◆ Description of the task: Beginning with the line below that contains "Royal Worcester Figurines" and ending with the line that contains "Peel and cut", retype every line exactly. Pictures are not copied.

---- Records to process

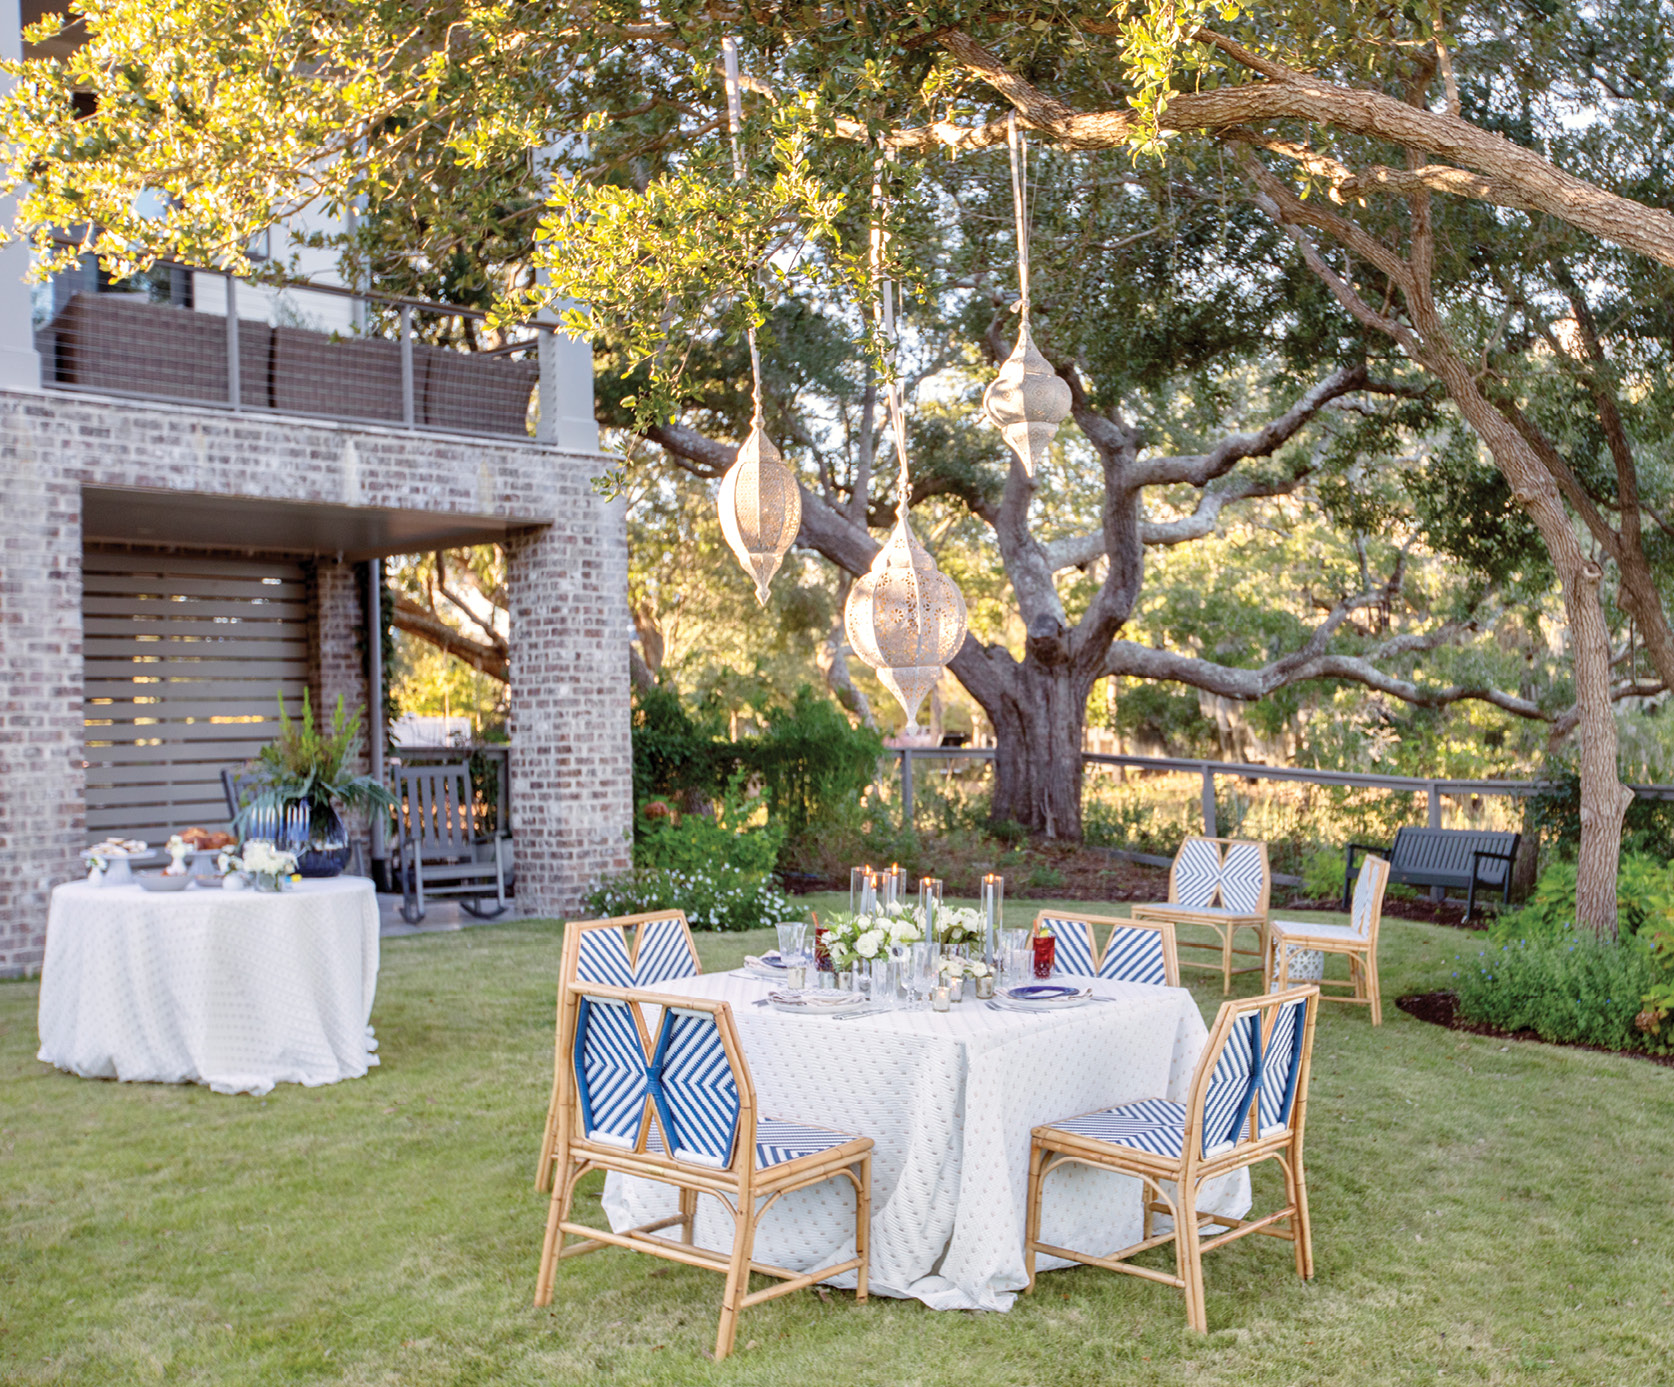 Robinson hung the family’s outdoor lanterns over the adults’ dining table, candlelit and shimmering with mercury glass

--------
---- Records to process

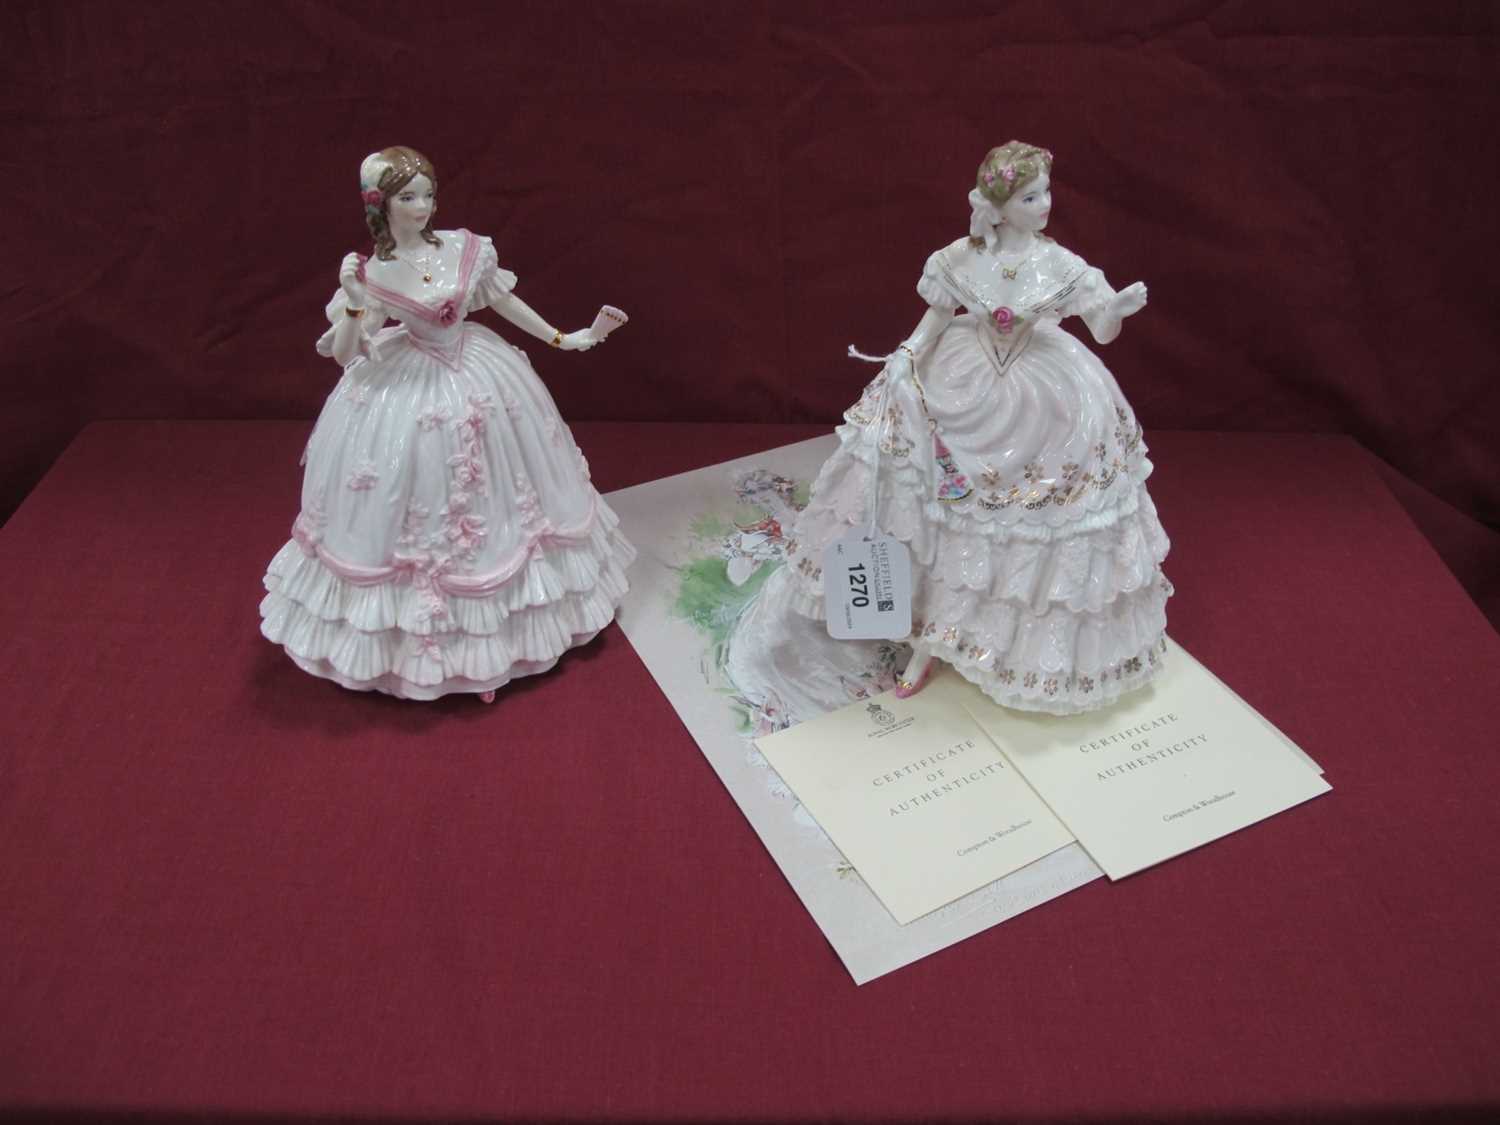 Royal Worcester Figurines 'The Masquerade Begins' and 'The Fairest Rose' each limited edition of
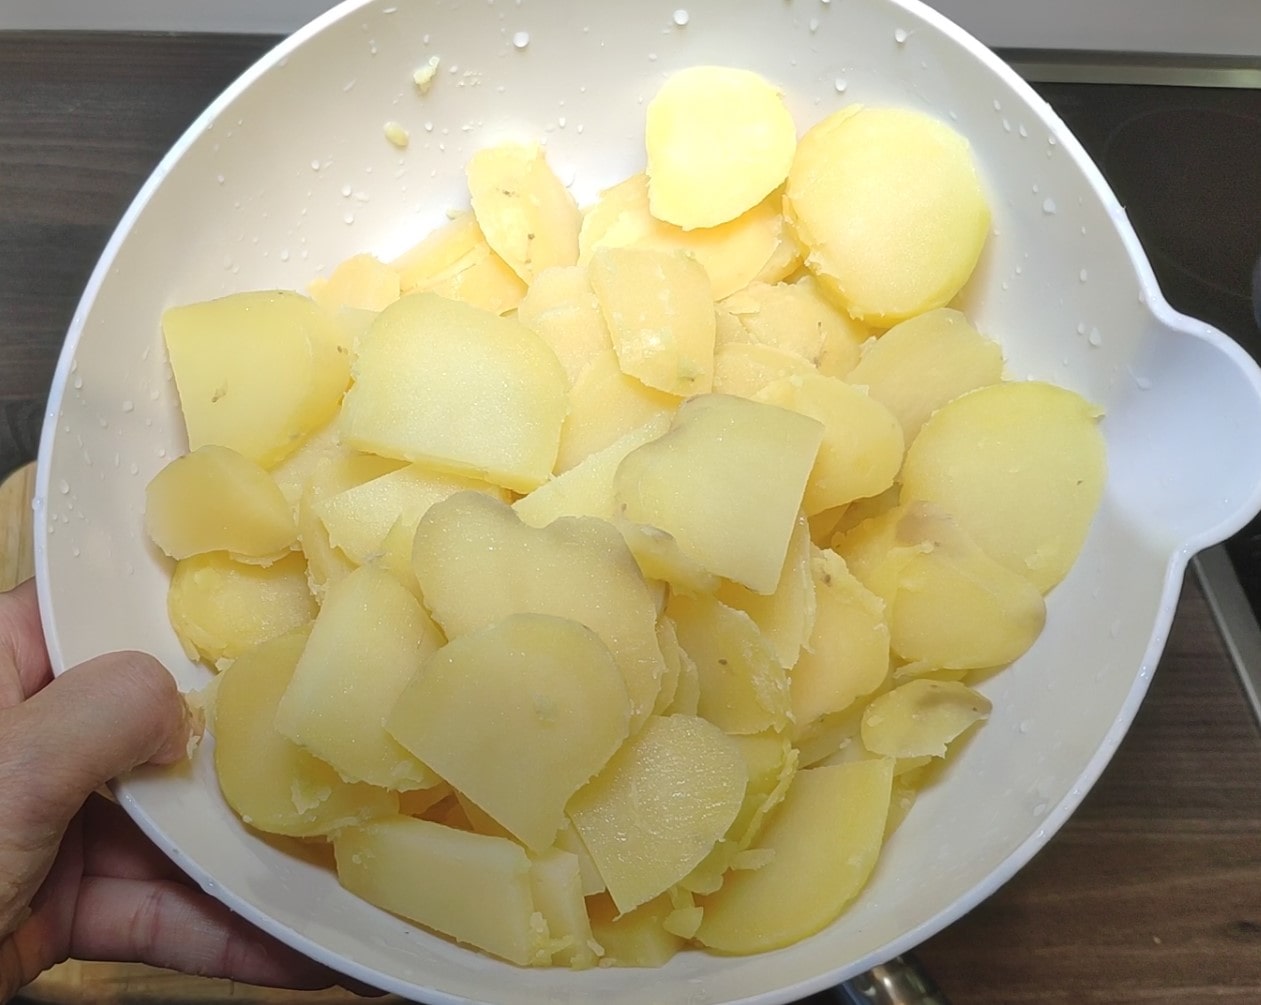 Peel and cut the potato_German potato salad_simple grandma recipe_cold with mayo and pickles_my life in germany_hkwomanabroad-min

--------

◆ Answer box:
 Royal Worcester Figurines 'The Masquerade Begins' and 'The Fairest Rose' each limited edition of
 Peel and cut the potato_German potato salad_simple grandma recipe_cold with mayo and pickles_my life in germany_hkwomanabroad-min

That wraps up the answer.